You're not pitching. You're introducing yourself. Keep it short, confident, and direct. Here's a simple framework:

"Hi, I'm [Name]. I'm looking for a deckhand/stew position. I have my STCW and ENG1, and [X] relevant experience. Is the captain aboard, or would you be willing to pass on my CV?"

That's it. You don't need a speech. What you need is:

  • Your name
  • The role you're looking for
  • Your key qualifications (STCW, ENG1, any experience)
  • A clear ask — can I leave my CV / speak to the captain?

If the crew member takes your CV, ask for the captain's name. If the captain is aboard, ask if they have 2 minutes. Most captains, even when they're not hiring, will give you a quick conversation if you're polished and respectful — and they'll remember you if something comes up.

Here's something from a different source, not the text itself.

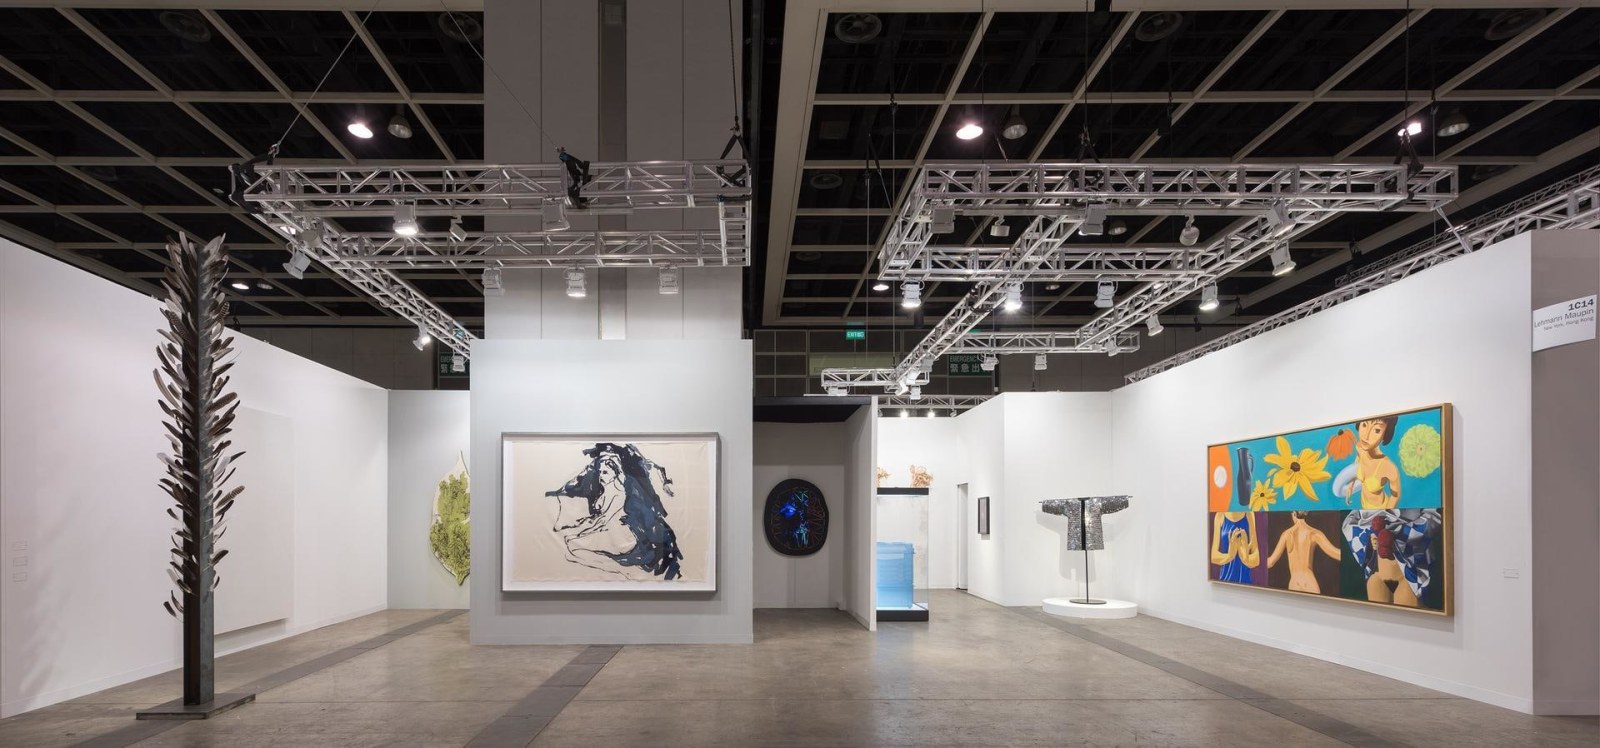  Installation view, Booth 1C14, Art Basel Hong Kong 2016

If you're told they're not hiring, say "No problem — thank you for your time. Would it be alright if I checked back in a few days?" Then actually do it.

Best times to dock walk

Timing matters more than most people realise:

Time of day

Early morning (7:30–10am) is when captains and officers are on deck, before guests arrive or schedules take over. Mid-afternoon (2–4pm) is the second window — after lunch and before the evening. Avoid 12–2pm (lunch) and after 5pm (crew downtime and evening preparations).

Time of season

The two weeks before and after the start of each season are when most crew changeovers happen. In the Med, this means late April/early May and late September/October. In the Caribbean, it's late October/November and March/April. Being in the right place as yachts are preparing for or wrapping up a season puts you in the best position.

The boat show effect

The Fort Lauderdale International Boat Show (October) and the Palma International Boat Show (April) bring huge concentrations of owners, captains, and yachts into one place. The weeks surrounding these events are prime dock walking time.

Dos and don'ts

✓ Do
  • Be consistent — go out every day
  • Keep a log of every boat you visit
  • Go back to the same boats after a few days
  • Be polite to everyone, from deck crew to owner
  • Follow up on any promising conversations by email
  • Talk to other dock walkers — share intel
  • Use the PYC Facebook group for current leads
✗ Don't
  • Board a vessel without being invited
  • Interrupt crew who are working
  • Ignore private yachts — they hire too
  • Only dock walk once and give up
  • Go out after 5pm or arrive reeking of last night
  • Badmouth your previous employers
  • Lie about your qualifications or experience

Dock walking by location

Each port has its own geography, rules, and culture. We've written detailed guides for every major dock walking location — which pontoons to target, where security is strict, the best nearby crew bars, and current tips from the community.

Beyond dock walking

Dock walking works best as part of a broader strategy. While you're in the marina every day, also:

  • Register with crew agencies — they handle the longer-term contracts that dock walking rarely yields. Yotspot, YPI Crew, and Meridian are worth registering with.
  • Use the PYC Facebook groups — crew post daywork opportunities and short-term positions constantly. Often faster than any other channel.
  • Do daywork — a day's labour on a boat, even unpaid initially, gets you aboard, known, and sometimes leads to a full position.
  • Stay in crew houses — the information network among crew looking for work is invaluable. Your crew house will be full of people with the same goal, and captains know where crew house.